2015 GSA Annual Meeting in Baltimore, Maryland, USA (1-4 November 2015)

Paper No. 135-28
Presentation Time: 9:00 AM-6:30 PM

STROMATOLITE DISTRIBUTION IN SPACE AND TIME: A MACHINE-READING ASSISTED QUANTITATIVE ANALYSIS


WILCOTS, Julia1, HUSSON, Jon2 and PETERS, Shanan E.2, (1)Geosciences, Princeton University, Princeton, NJ 08544, (2)Department of Geoscience, University of Wisconsin–Madison, 1215 W Dayton St, Madison, WI 53706, jwilcots@princeton.edu

Stromatolites are products of microbial interactions between carbonate sediments and water, and are among the oldest evidence for macro-scale life on Earth. Because stromatolite growth is known to be inhibited by the presence of grazing metazoans, it is generally recognized that stromatolites are widespread and frequent in occurrence within Precambrian-aged sedimentary deposits and that Phanerozoic stromatolite occurrences are confined to saline or otherwise restricted aqueous environments. Despite the fact that stromatolites are routinely described in published accounts of stratigraphic successions, few studies have quantified their occurrence on large spatial and temporal scales. Here we attempt to provide such a measure of stromatolite distribution and abundance by: (1) manually searching the literature for descriptions of stromatolites in carbontate-rich units, and (2) utilizing machine reading and learning approaches to discover and extract information on stromatolite occurrences from publications. For the former, we utilized the Macrostrat database in North America; for the latter we used the entity recognition, distant supervision and probabilistic inference capabilities of DeepDive, a machine learning and knowledge base construction system, which we customized for the purpose of stromatolite occurrence recognition. Our DeepDive application was then run using thousands of published documents currently accessible via the UW–Madison GeoDeepDive infrastructure. We manually trained the DeepDive system with known instances of stromatolites and by annotating DeepDive extractions, thereby generating a larger number of increasingly accurate results.
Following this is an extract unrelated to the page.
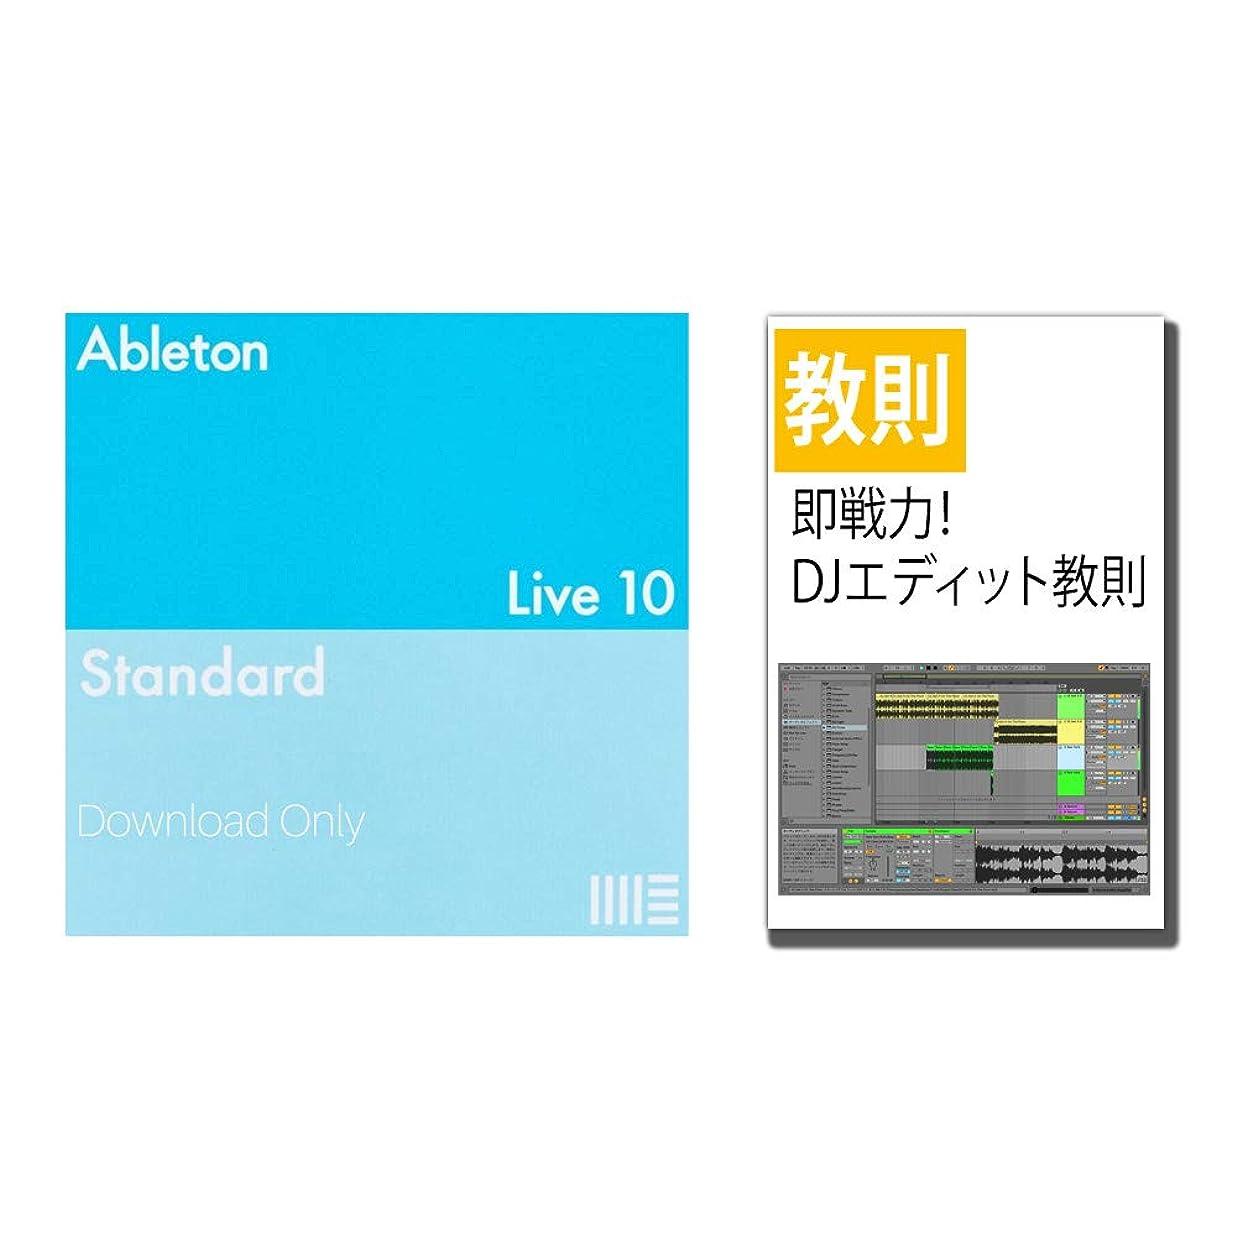 座る増幅する書道【1大特典】Ableton Live10 Standard 通常版 楽曲制作ソフト【ダウンロード版】+ DJエディット教則

In combination with a manual search for stromatolite-bearing carbonate units in the Macrostrat database, we provide a new estimate of the spatial and temporal frequency of stromatolitic units that is measured against the total number of potentially stromatolite-bearing carbonate units in North America. Quantifying the stratigraphic distribution of stromatolitic carbonate units over the last three billion years provides a new perspective on the environmental signal captured by stromatolite growth.